How many grams of chlorine gas must react to give 4.82g of BiCl3?
2Bi(s)+3Cl2(g)→2BiCl3(s)
My answer was wrong/please review and tell me where I went wrong.
4.82g BiCl3*1mol BiCl3/215.33g BiCl3*3 mol Cl2/2 mol Bicl3* 70.9g Cl2/1 mol Cl2=6.50 g Cl2
I just calculated it wrong.
My answer should have been 1.63g of Cl2
I think you problem is the molar mass of BiCl3. I think that is 315.34
The rest of it looks ok, at least at first glance.
1.63g of Cl2
To determine the correct answer, let's go through the calculations step-by-step:
1. Start with the given mass of BiCl3: 4.82g BiCl3.

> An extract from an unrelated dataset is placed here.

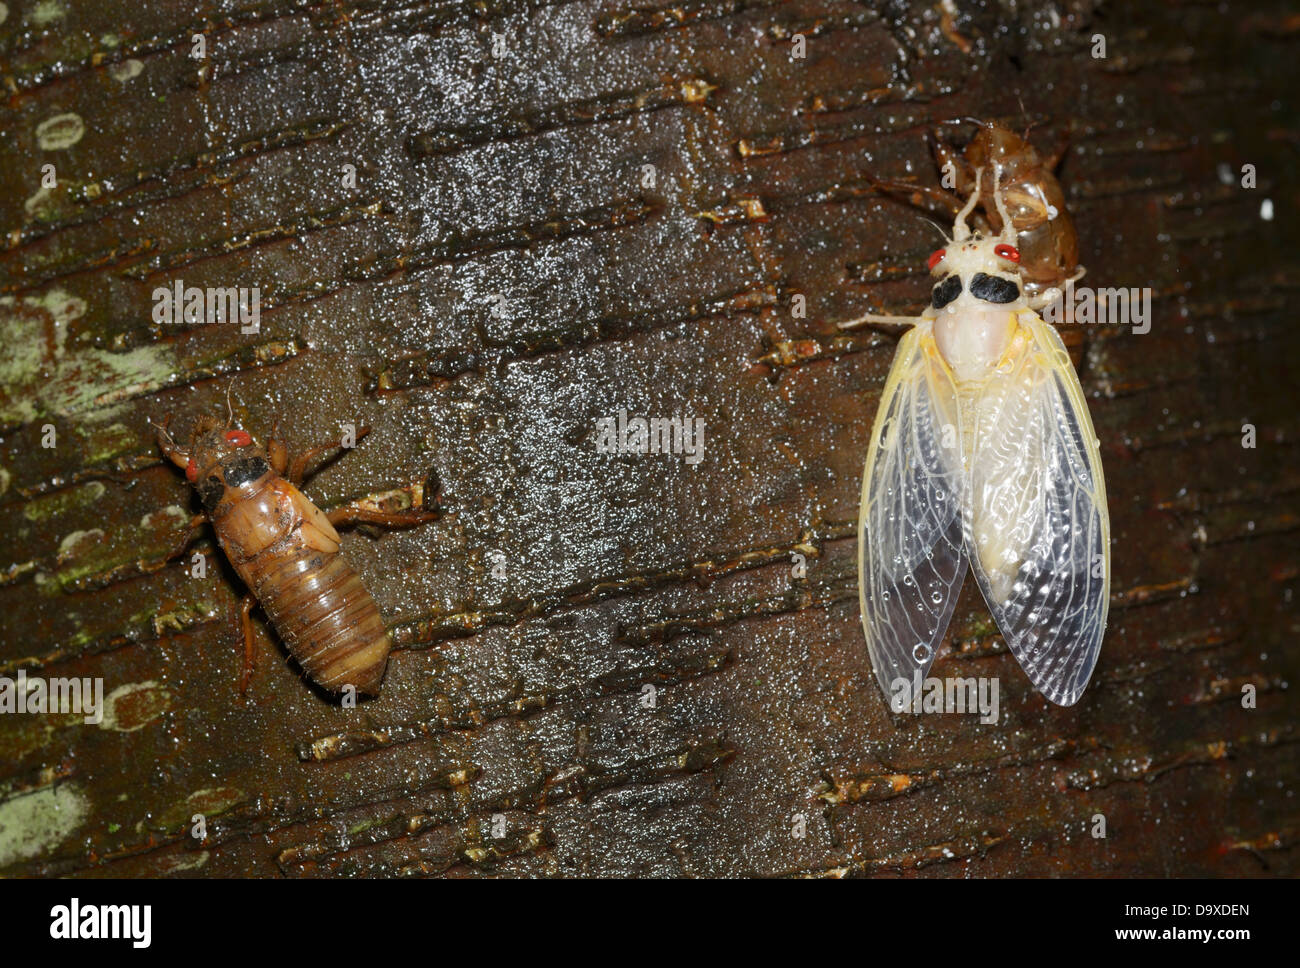 Periodica (17 anno), cicala Magicicada septendecim, recentemente emerso ninfa sulla sinistra e adulto solo molt di finitura sul lato destro Foto Stock
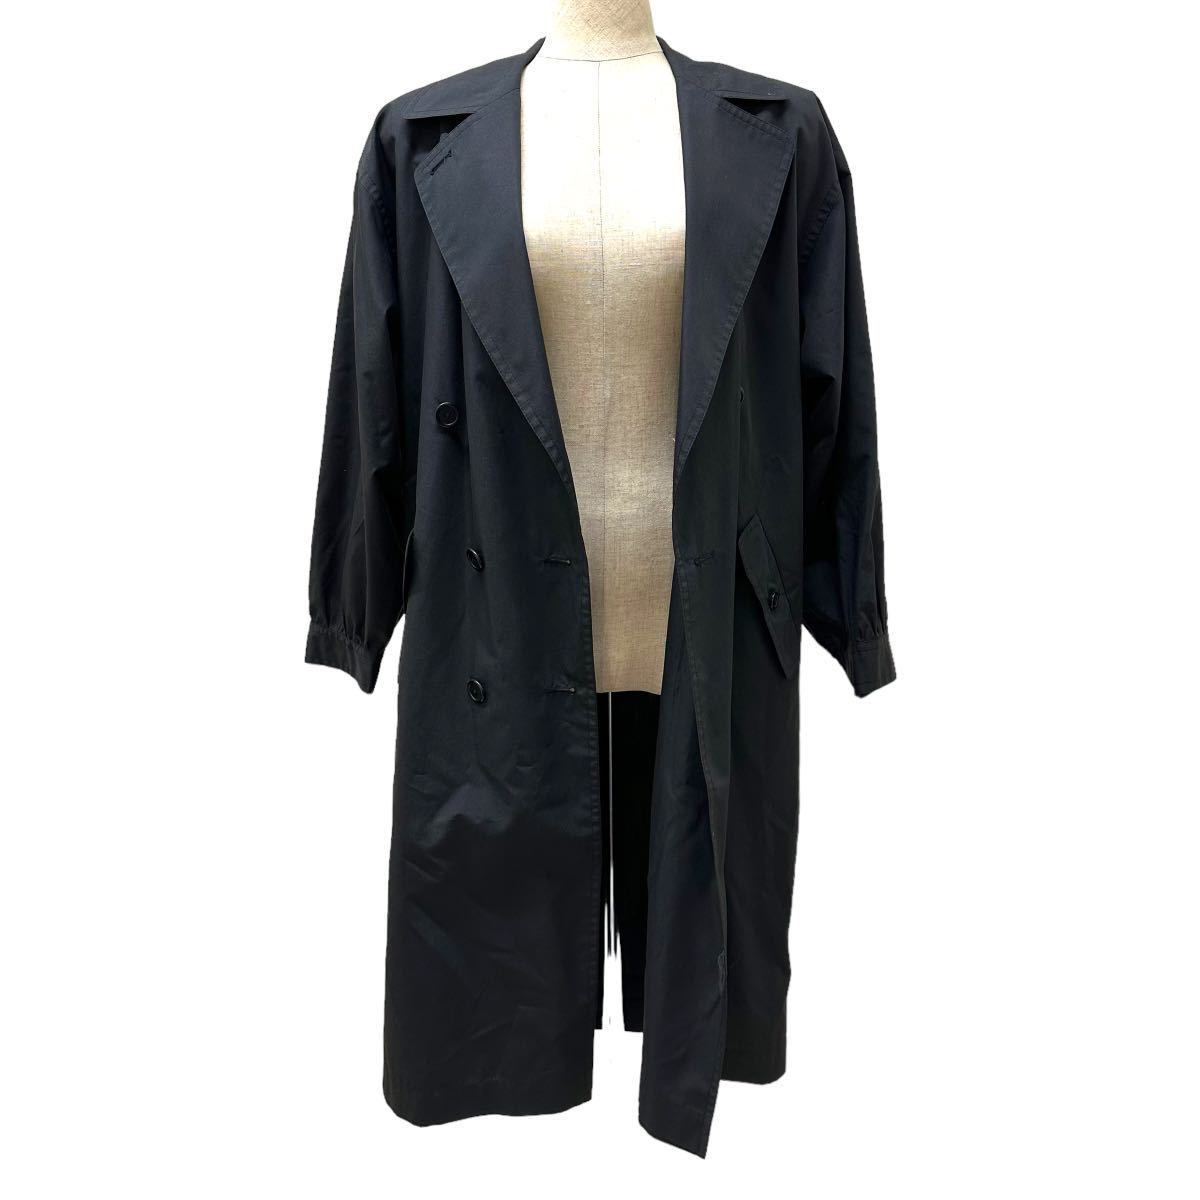 a324N jun ashida Jun asida trench coat black sizeS

2. Convert the mass of BiCl3 to moles using the molar mass of BiCl3. The molar mass of BiCl3 is 215.33g/mol, so:
4.82g BiCl3 * 1 mol BiCl3 / 215.33g BiCl3 = 0.0224 mol BiCl3.
3. Use the balanced chemical equation to find the mole ratio between BiCl3 and Cl2. From the balanced equation, we know that 2 moles of BiCl3 react with 3 moles of Cl2. Therefore:
0.0224 mol BiCl3 * 3 mol Cl2 / 2 mol BiCl3 = 0.0336 mol Cl2.
4. Finally, convert the moles of Cl2 back to grams using the molar mass of Cl2, which is 70.9g/mol:
0.0336 mol Cl2 * 70.9 g Cl2 / 1 mol Cl2 = 2.38g Cl2.
So, the correct answer is 2.38 grams of chlorine gas (Cl2) must react to give 4.82 grams of BiCl3.